In Darmstadt they have a gathering of people from all parts of Germany to meet me. We have our meeting in the Grand Duke of Hesse’s garden, where my audience will bring before me their questions. I give them monologues in answer, and Count Keyserling translates them into German for those who cannot follow my English.
Yesterday I reached this place, and in the afternoon we had our first meeting.
The first question put to me by a Canadian German was, ‘What is the future of this scientific civilisation?’
After I had answered him, he again asked me, ‘How is the problem of over-population to be solved?’
After my answer, I was asked to give them some idea about the true character of Buddhism.
These three subjects took up fully two hours. It is delightful to feel the earnestness of these people. They have the habit of mind to think out the deeper problems of life; they deal seriously with ideas. In India, in our modern schools, we merely receive our ideas from text-books, for the purpose of passing examinations. Besides that, our modern school-masters are Englishmen; and they, of all the western nations, are the least susceptible to ideas. They are good, honest and reliable, but they have a vigorous excess of animal spirits, which seek for exercise in racing, fox-hunting, boxing-matches, etc., and they offer stubborn resistance to all contagion of ideas.
Therefore our English educationalists do not inspire our minds. We do not realise that ideas are necessary in order to enable us to live a true life. We do not have a genuine enthusiasm, but rather are losing our gift of aspiration, which is the gift of the soul. Our principal object and occupation are going to be the dissipations of politics, whose goal is success, whose path is the zigzag of compromise—that politics, which in every country has lowered the standard of morality, has given rise to a perpetual contest of lies and deceptions, cruelties and hypocrisies, and has increased inordinately rational habits of vulgar vain-gloriousness.
Germany to-day has received a violent check on her political ambitions. This has produced an almost universal longing in her midst to seek for spiritual resources within, in place of external success. Germany appears now to have set out on a voyage of spiritual adventure. And in spite of her dire poverty, she is not thinking merely of the spinning wheel or of some new move in the political game of gambling, but rather of the achievement of that inner freedom, which gives us power to soar above the vicissitudes of circumstance.

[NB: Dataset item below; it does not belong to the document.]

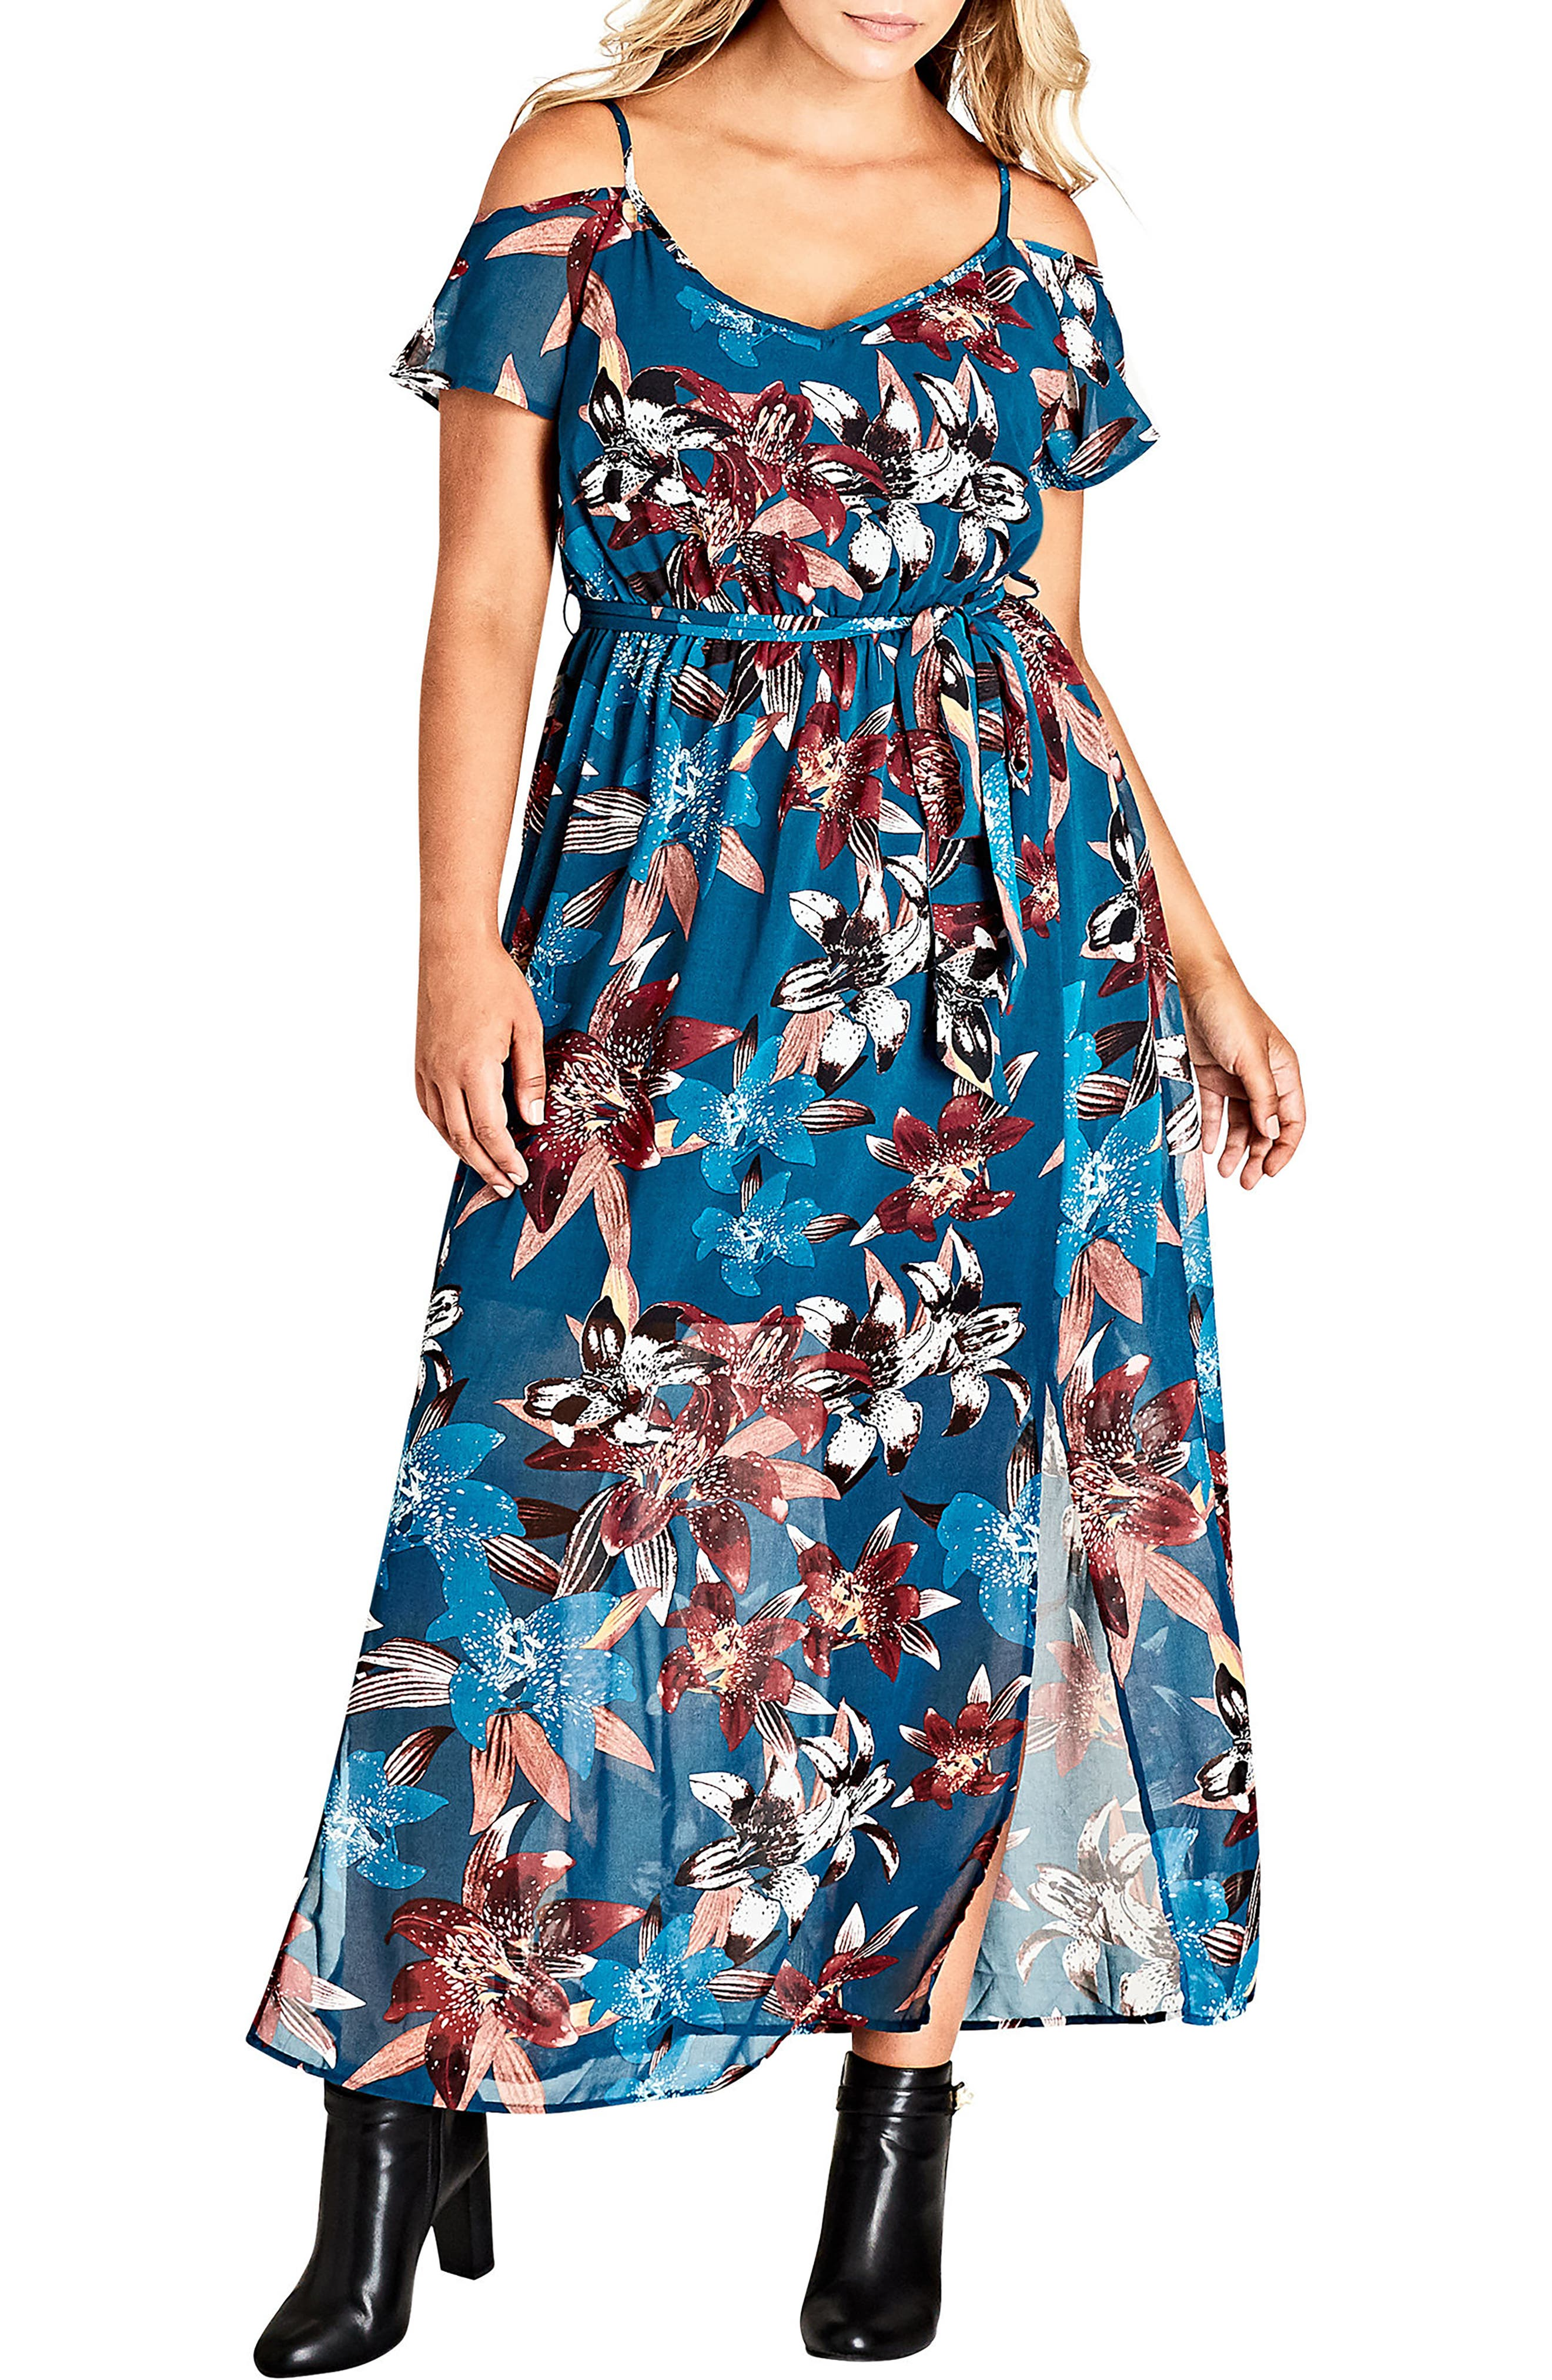 Fall Lily Off the Shoulder Maxi Dress,                             Main thumbnail 1, color,                             001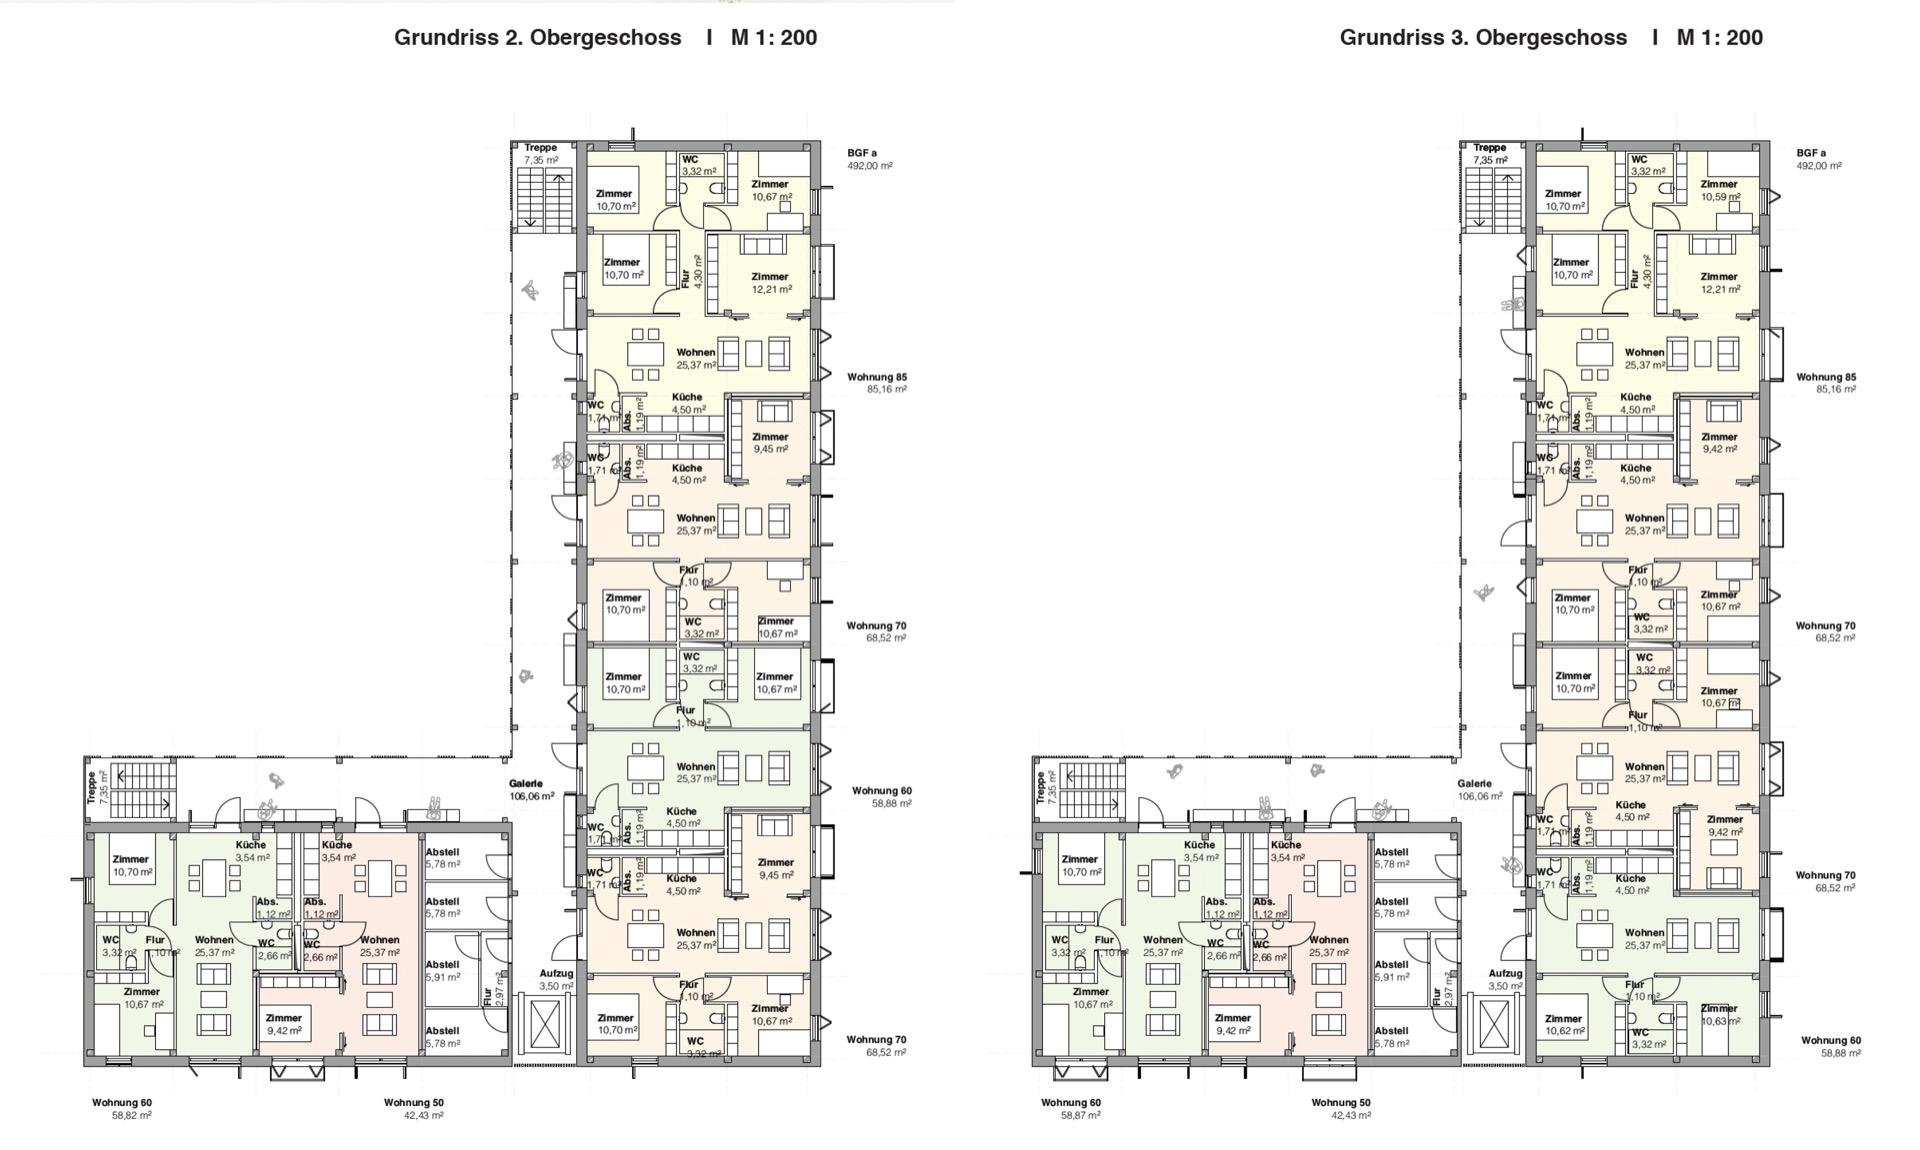 Grundrisse © Architekten BDA Feldschnieders + Kister

The other day, I met the British Ambassador in Berlin. While alluding to the enormous appreciation of my works in Germany, he expressed his feeling of gratification at the possibility of my supplying some philosophy, which might bring consolation to these people. He was glad, I am sure, from his British point of view. He seemed to me to imagine that philosophy was a soothing draught, which might lull the restless activity of the German nation into sleep, affording the victors a better security in their enjoyment of material benefits. He would gladly concede the possession of soul and God to these people, only keeping for the share of his own nation, the possession of the worldly goods. He seemed to smile, as it were, in his sleeve and to imagine that his own British people would be the gainers in the bargain. Well! Let them laugh and grow fat! Only let us have the good sense not to envy them their material successes.